Following the publication of the XYZ dispatches, Mountflorence was forced to flee Paris. He then became private secretary to William Vans Murray, the United States Ambassador to the Batavian Republic. When Murray was appointed as part of an American peace commission, Mountflorence returned to Paris, though he seems to have had no substantive role in the negotiations. In 1801, Mountflorence became private secretary to Robert R. Livingston, the newly appointed United States Ambassador to France.

Later life

Mountflorence continued to represent aggrieved American merchants whose ships and cargoes had been captured or detained by French privateers.
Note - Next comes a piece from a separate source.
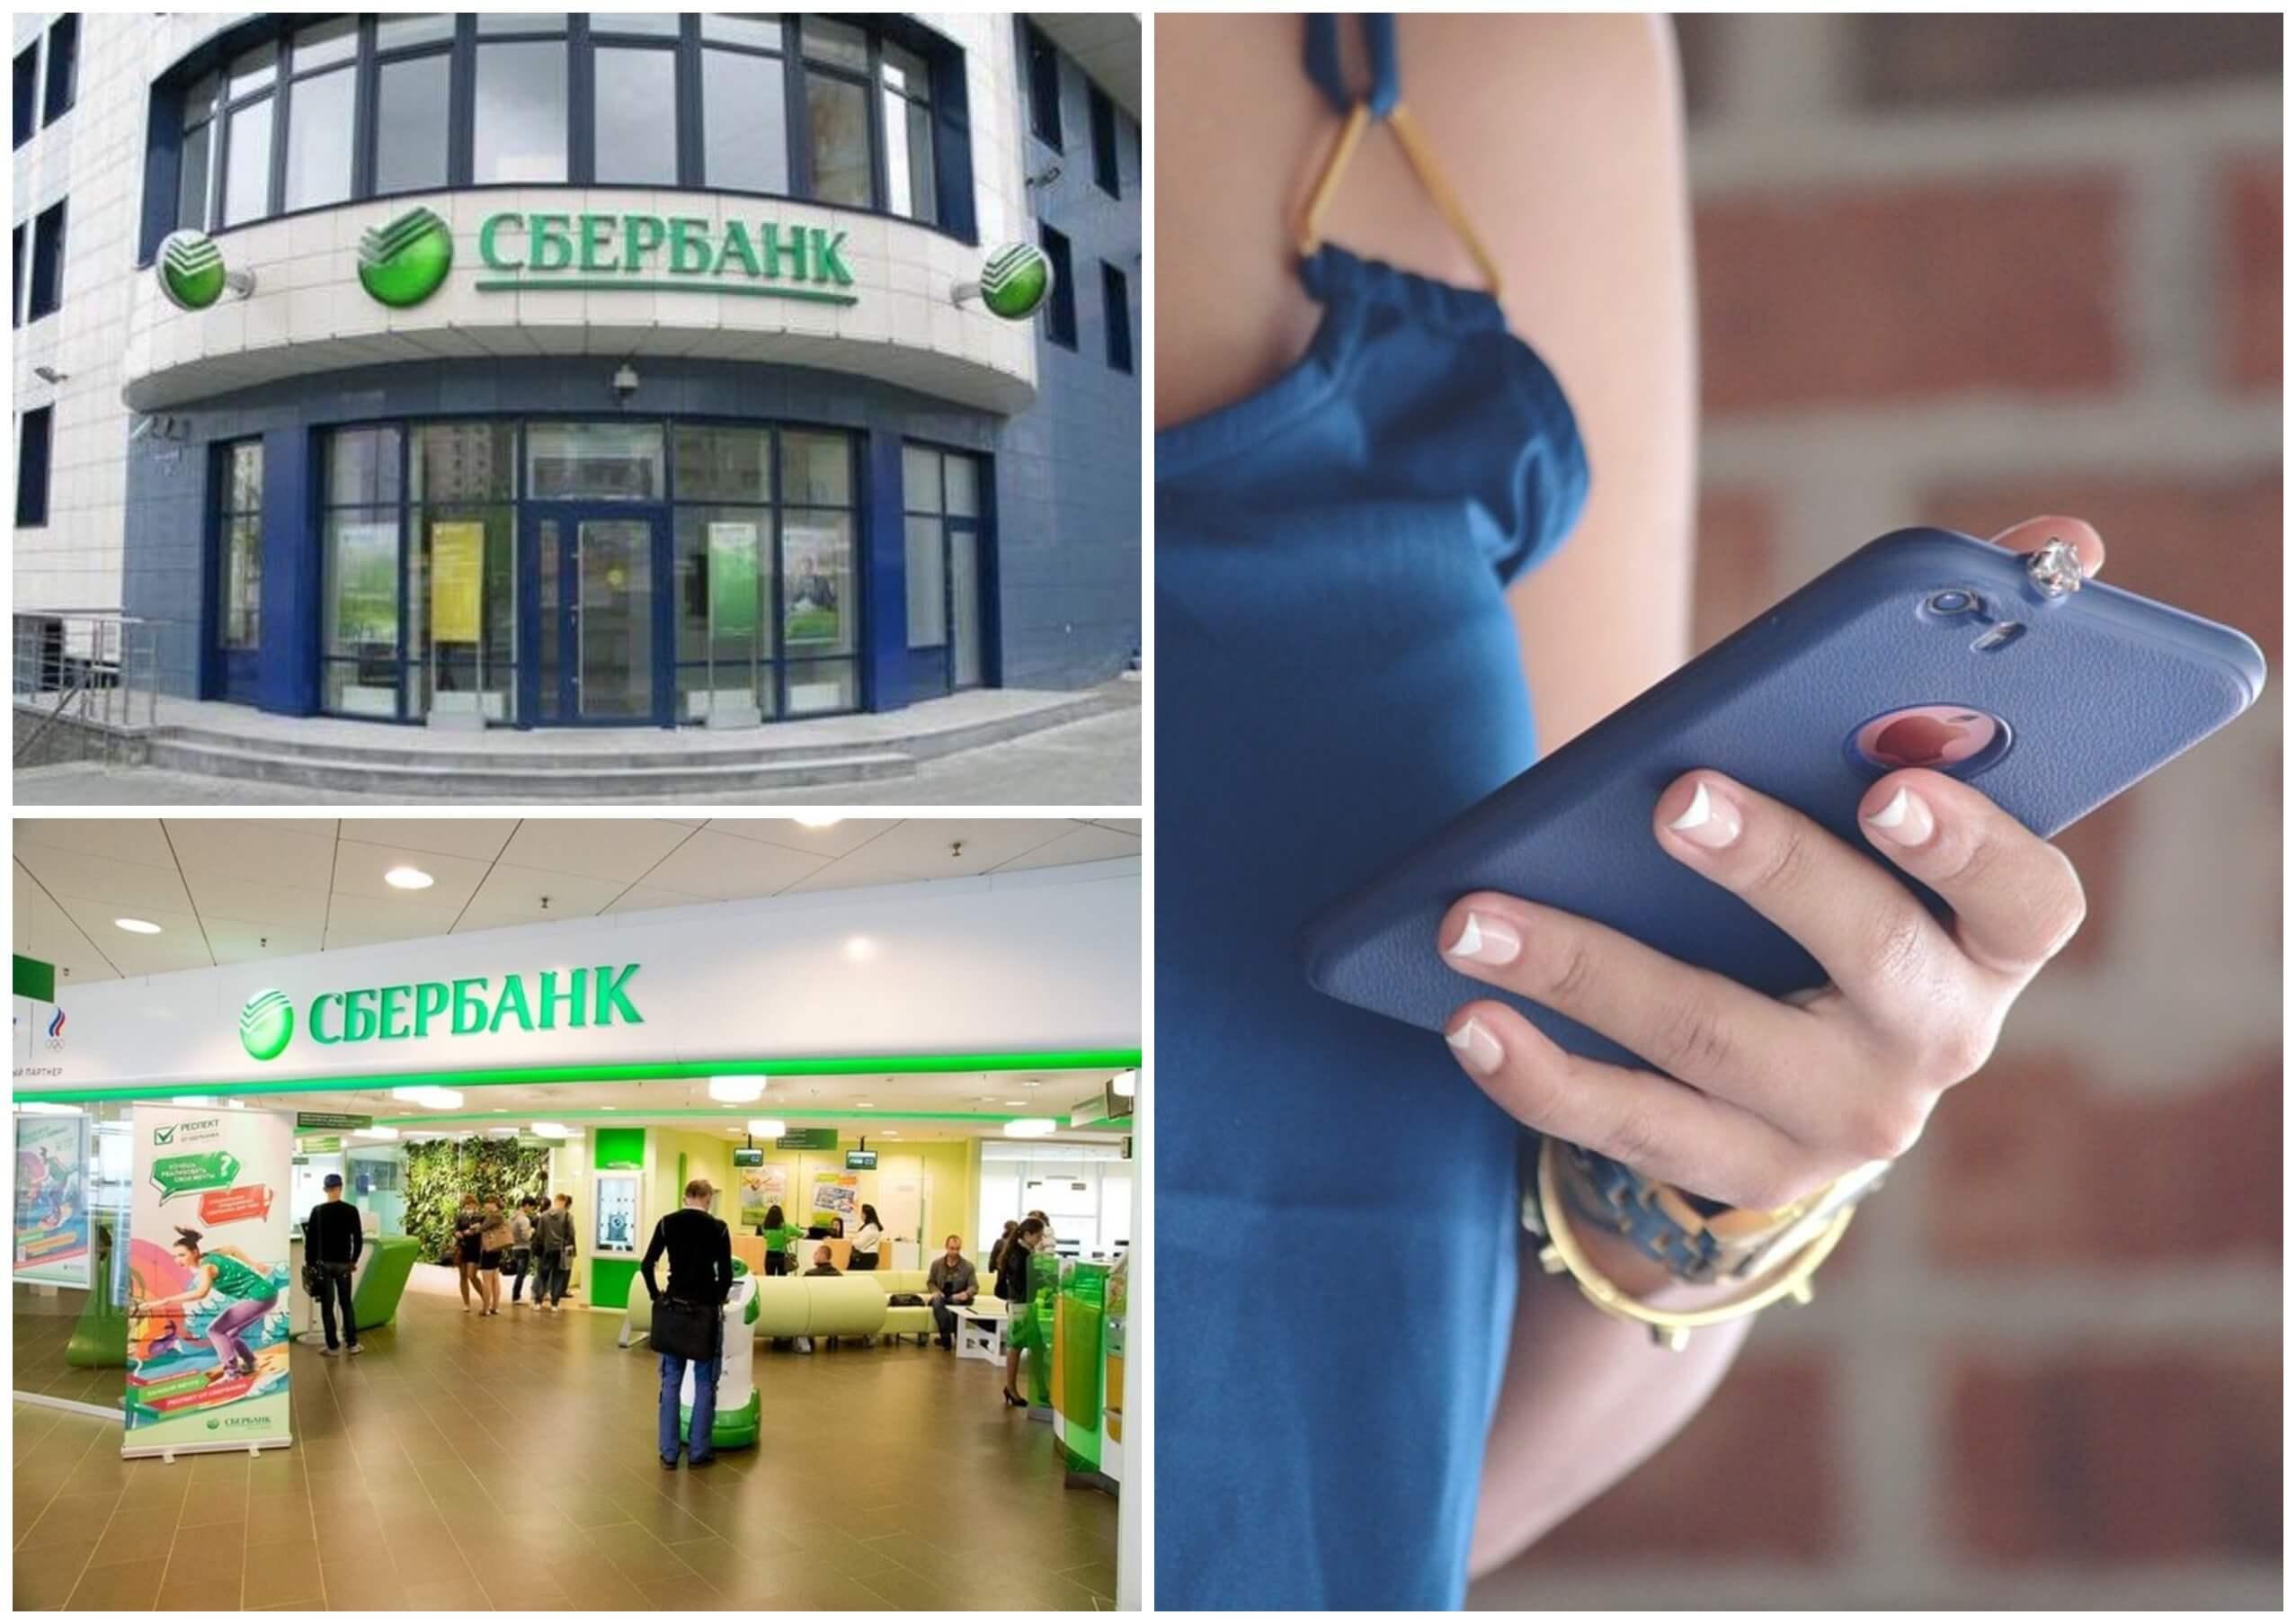 На фото изображен Сбербанк и телефон, который девушка держит в руке.

He also sought to recover consular fees from Fulwar Skipwith, with whom he had signed agreements in 1794 and 1799. Eventually, Mountflorence brought suit against Skipwith. The lawsuit exacerbated tensions within the increasingly partisan diplomatic corps in Paris. One of Skipwith's allies later reported Mountflorence to the French authorities. Mountflorence was tried for fraud. He was acquitted but nonetheless imprisoned for over a year.
Mountflorence's later attempts to regain a position in the diplomatic corps were unsuccessful. After several illnesses, he died in Paris on January 31, 1820, and was buried at Père Lachaise Cemetery.